THIS DAY AND TIME (1930)
from Chapter Three
As she lay beside Enoch [Ivy's son] on the pallet, huddled close to him for warmth, Ivy tried to stop thinking, but the old question was again hammering in her brain: “Why did Jim leave me? Oh, Lord God, why did he do me that-a-way?”
Her childhood came back to her, the cabin, far from any others, in Rocky Hollow where she had been born, the seventh of twelve—born when laurel was in flower, so that her mother had named her for the rosy cloud of bloom she had looked out on through the little window beside her bed; for the “ivy” that came each May to lighten the deep shadows of Rocky Hollow—ivy, the first thing her mother's tired eyes had rested upon after the granny-woman had lifted her head from lower down the bed. “Hit's a gal, Mis’ Buckles, another fine little gal!”
Ivy's thoughts dwelt softly on her mother, a kindly, dragged-out woman, often sick, but always struggling for a semblance of decency and order in the swarming cabin. Her mother would plant a few flower seeds every spring, zinnias or marigolds, touch-me-nots, and bleeding-hearts. “Seems like,” she could hear her mother saying, “flowers keeps a body from bein so lonesome.” Ivy could see her mother squatting beside the branch that tumbled down past the cabin, straightening her back from time to time, trying to get enough clean clothes together so that some of the children could go to Sunday-school two or three times at least in the course of the year.
Ivy remembered the daily squabbles; remembered a brother killed by a falling tree; a little sister burned to death, little Dee, left alone in the cabin and trying to start a fire as she had seen the older ones do, by pouring oil on the green wood. She could still hear the screams of little Dee, a sheet of flame, running frantically towards the field where the rest of them were dropping corn. She could see herself on one of the steep slopes that wedged in Rocky Hollow, grubbing sprouts on a piece of “new ground”; she could see a stranger passing up the hollow and all of them stopping, her father and mother too, resting on their hoes or mattocks, staring after the stranger to whom her father had called down a low half-hostile “Howdy.” Ivy could scarcely remember a time when she had not handled a hoe.

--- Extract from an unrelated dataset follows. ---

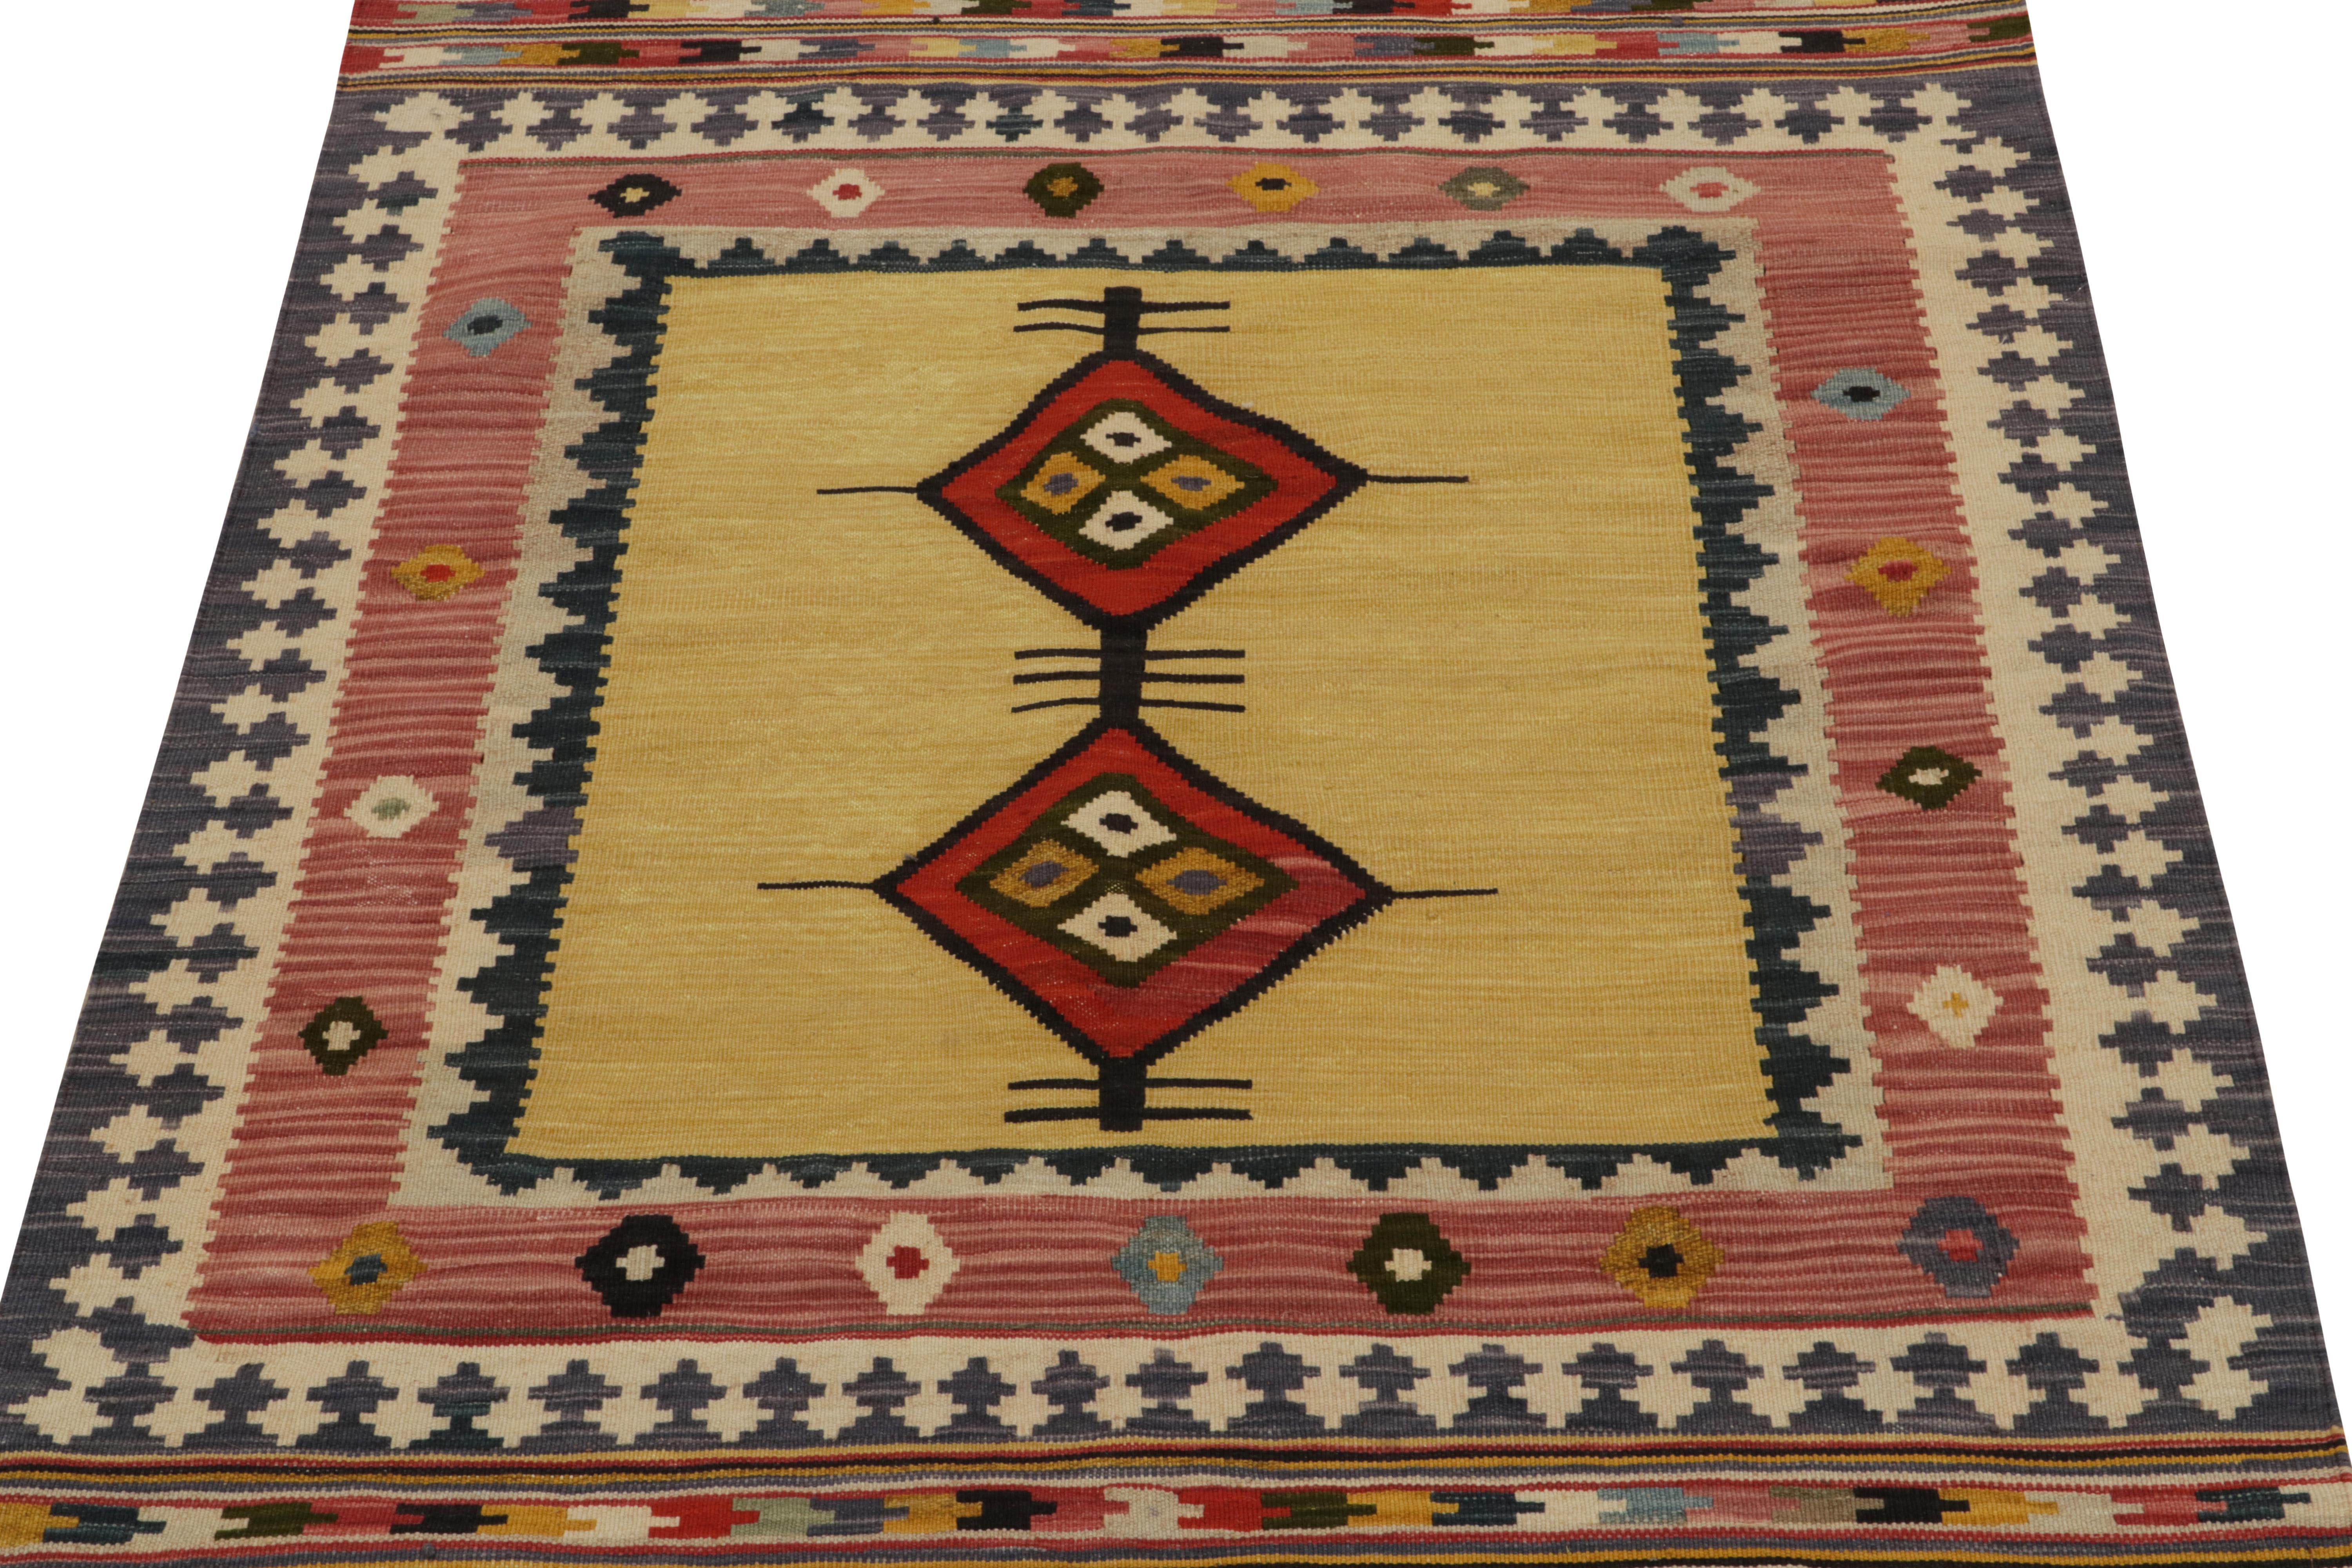 Originating circa 1980-1990, a rare vintage curation of small-sized Sofreh Kilim rugs our principal has newly unveiled. Distinguished for its 3x4 size, progressive colorways, and uncommon durability among flat weaves.

This particular rug carries

There were moments of delight Ivy remembered of her childhood; the time she had uncovered the pheasant's nest in the leaves; the little terrapin she had made a pet of; the Indian arrow-heads she had turned up with her hoe; times she had played house under a great sycamore that overspread the log spring-house, with acorn-cups for dishes, with tufts of moss, bits of broken crockery. Her childhood, when she thought of it, did not seem to her to have been an unhappy one. Her father, if high-tempered, had not been brutal, or only occasionally, when he was drunk and might beat her mother or kick one of the boys. There had been the fun of going up on the mountain every summer for huckleberries—the whole troop of them, and other families too—the fun of going down the river each spring to the sugar-orchard, sleeping in the sheds left there from year to year among the sugar-maples.
Then her mother had died, leaving her, the oldest girl at home, to mother the family till her father had married again, within the year. Then, in the spring that followed, back at the sugar-orchard, all of them helping make sugar and syrup again, and people coming to trade with her father for the thin sappy syrup, carrying it away in the buckets they had brought.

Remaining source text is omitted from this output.